- _Dataset section_:
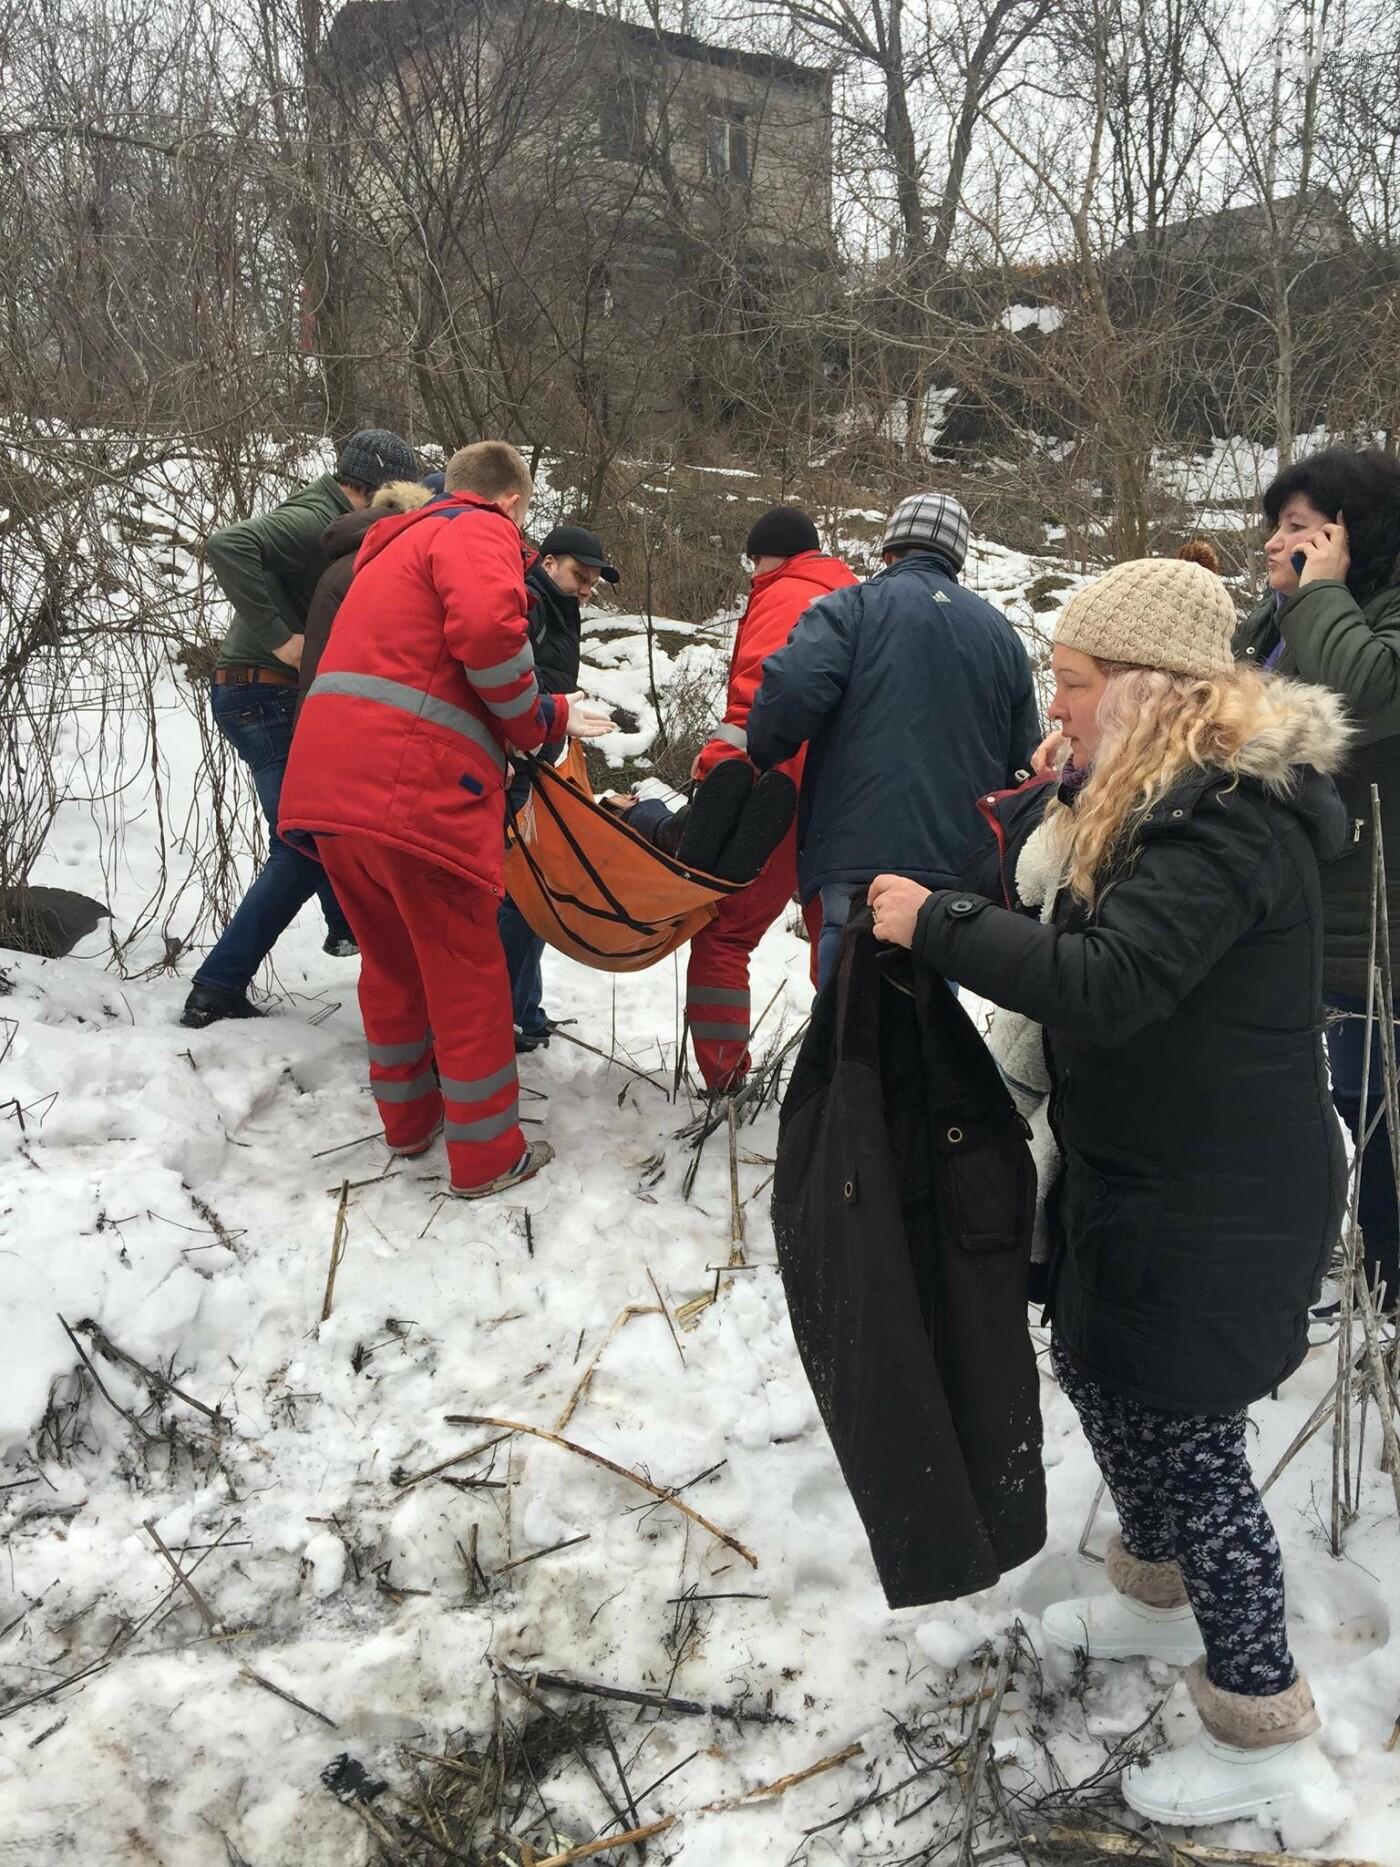 Неравнодушные жители Кривого Рога помогли в поисках мужчины, провалившегося в яму в районе станции скоростного трамвая (ФОТО), фото-3
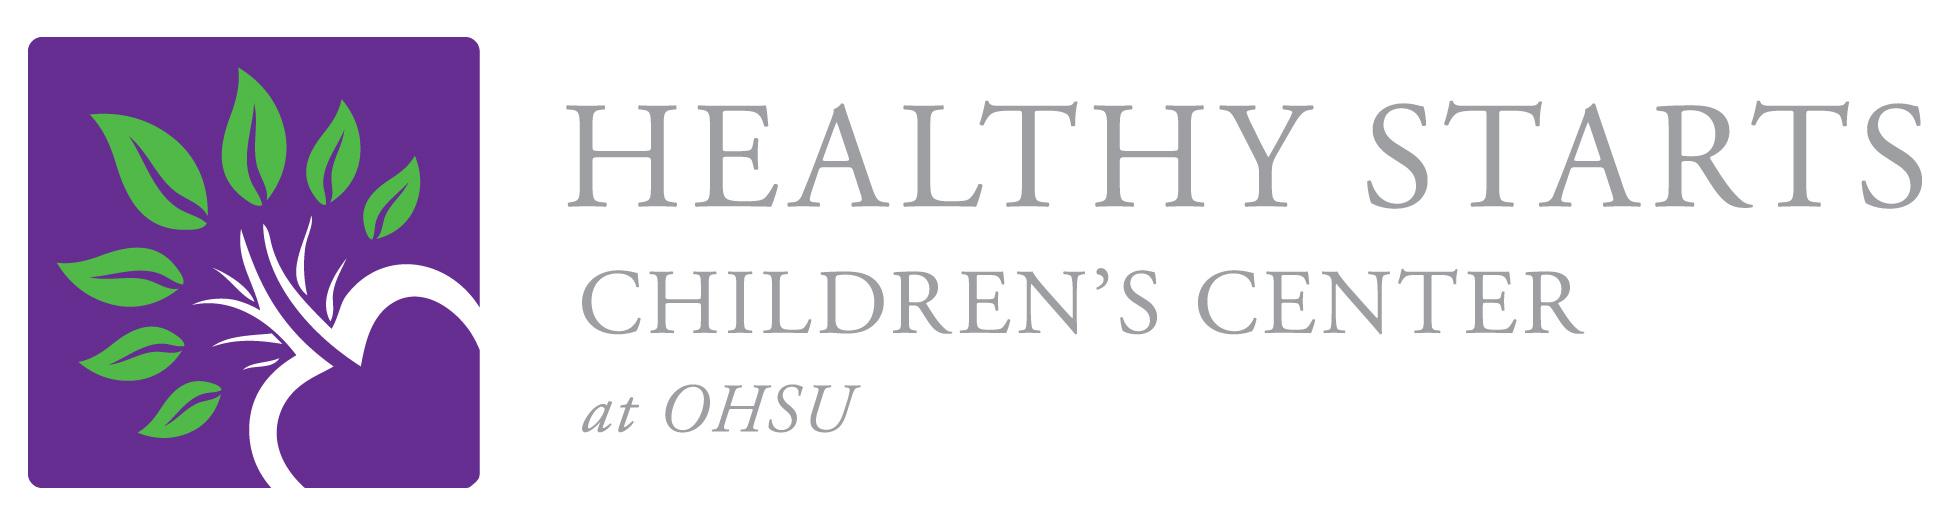 Healthy Starts Children's Center   971-230-2342
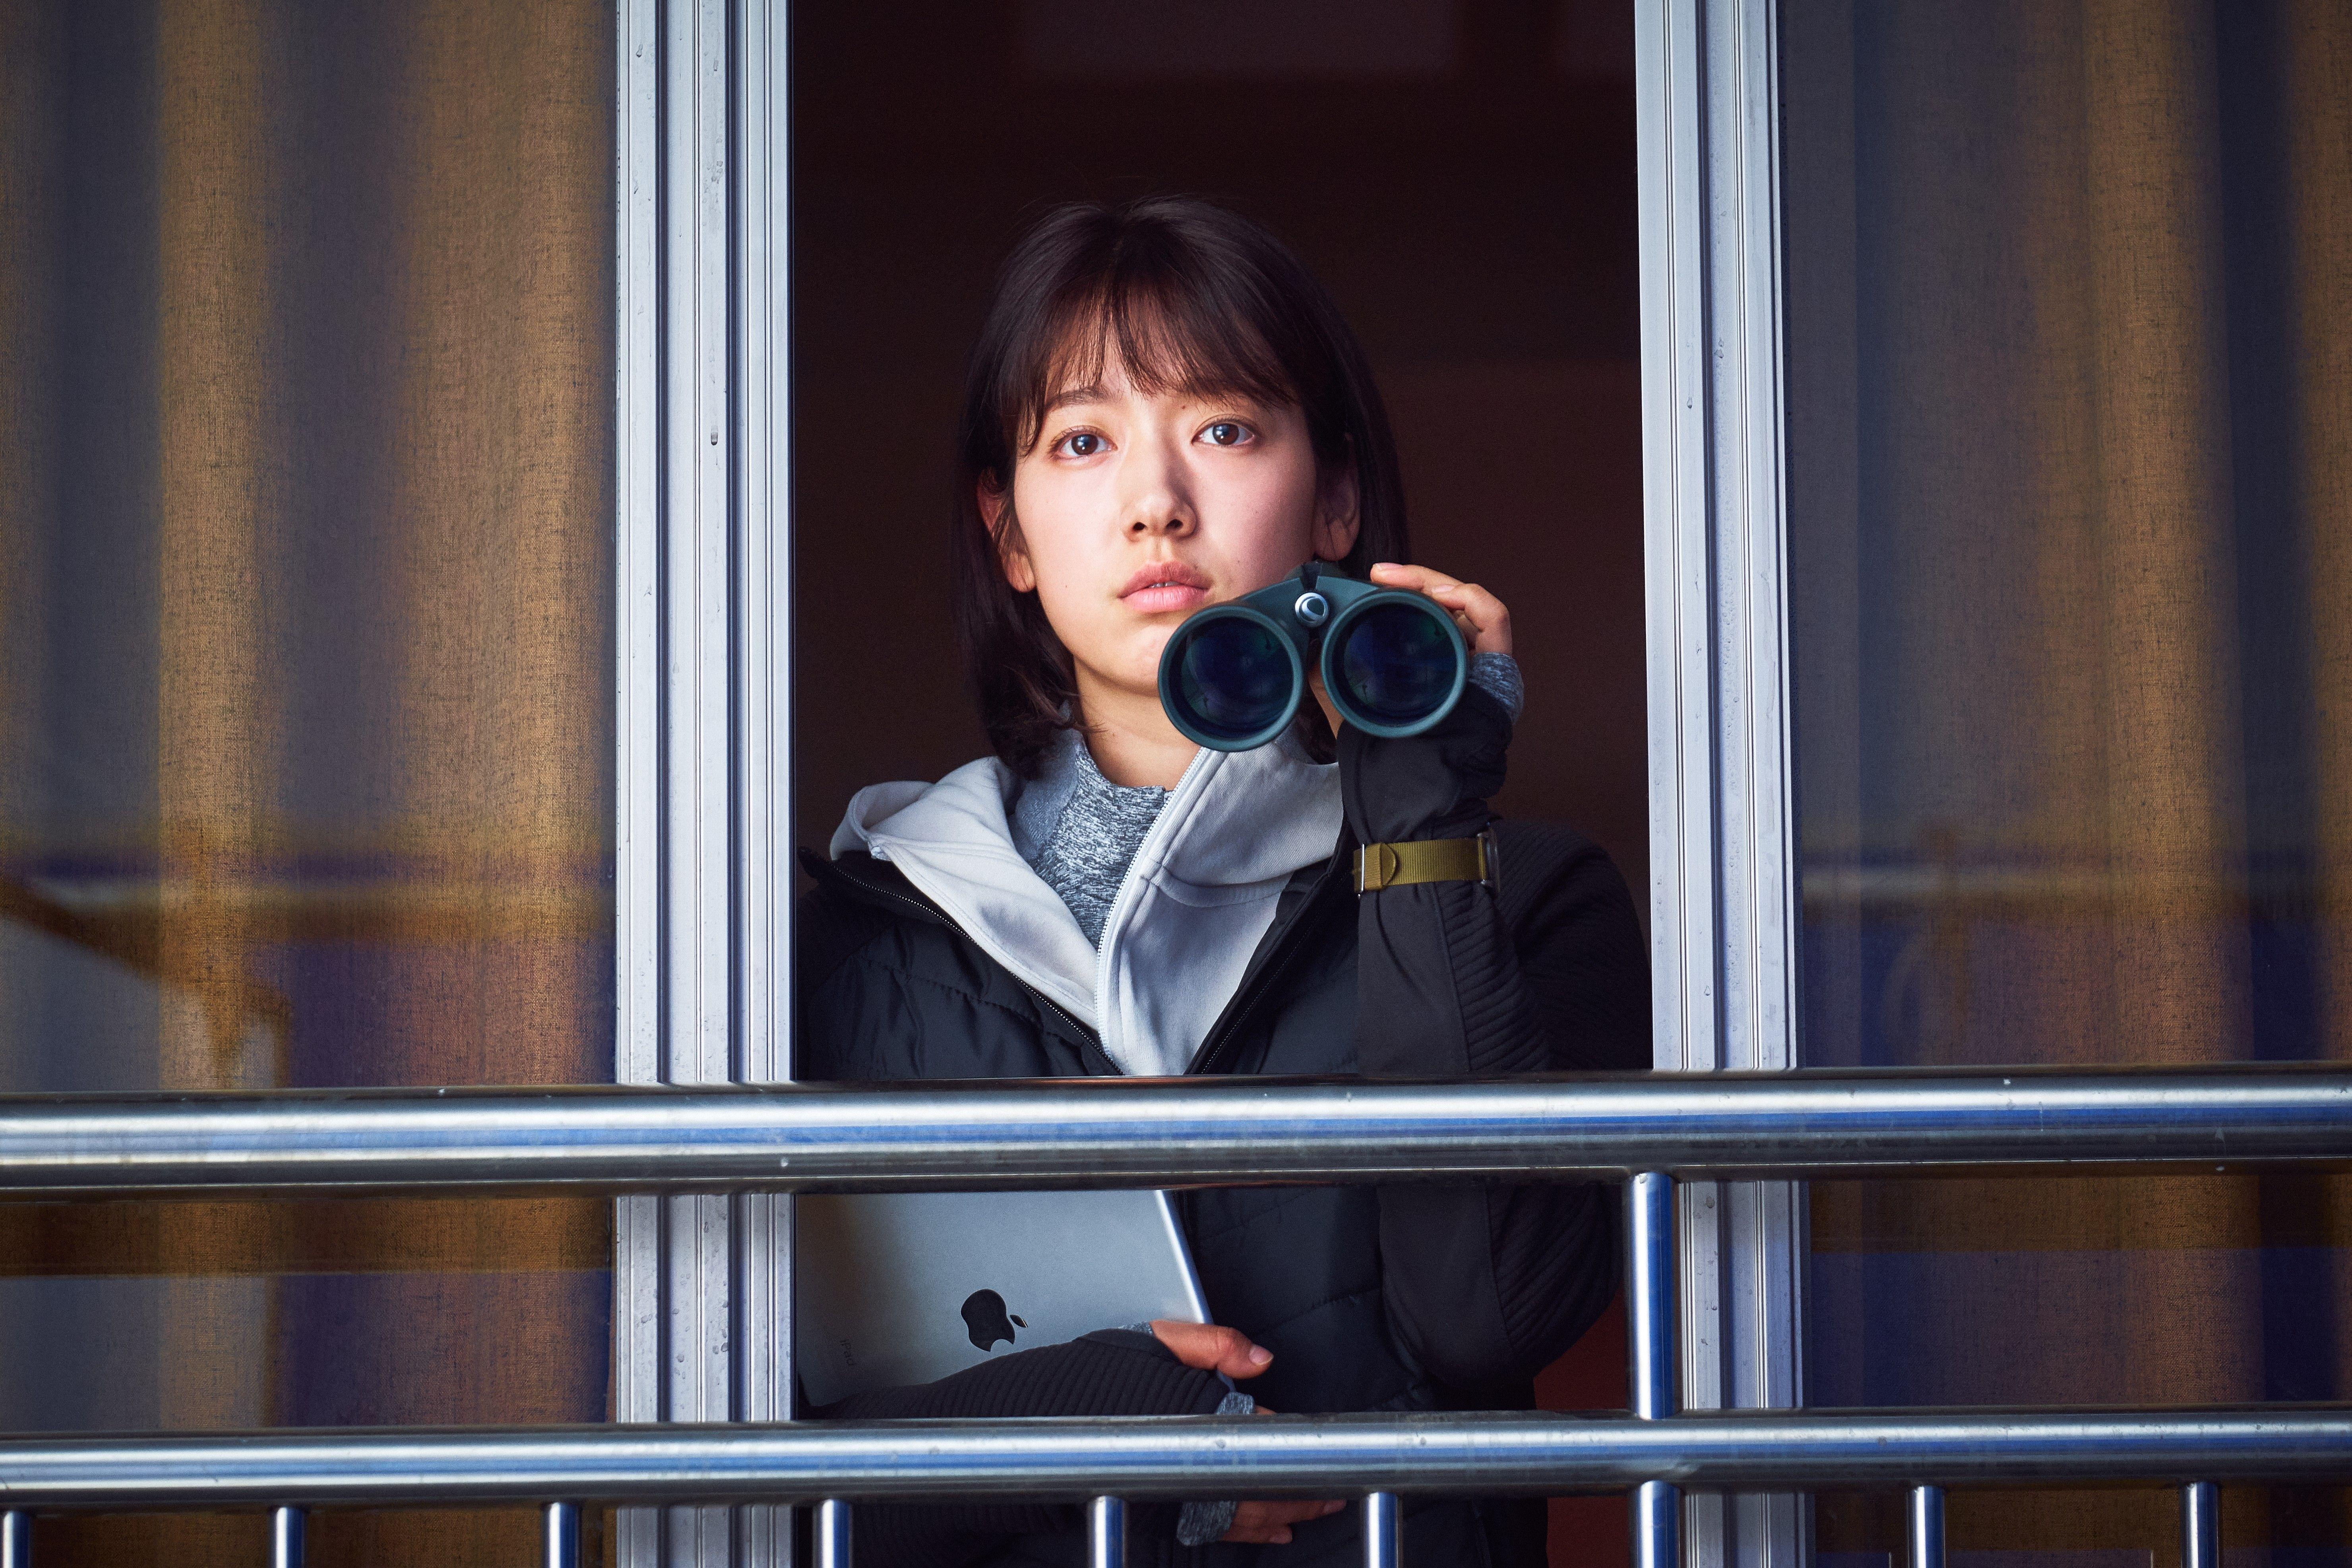 '#살아있다' 박신혜, 생존 기술 만렙 능력자로 변신

- _Directions_:
Leaving out the pictures, reproduce the whole listing above exactly.

- _Task result_:
 Неравнодушные жители Кривого Рога помогли в поисках мужчины, провалившегося в яму в районе станции скоростного трамвая (ФОТО), фото-3
 Healthy Starts Children's Center   971-230-2342
 '#살아있다' 박신혜, 생존 기술 만렙 능력자로 변신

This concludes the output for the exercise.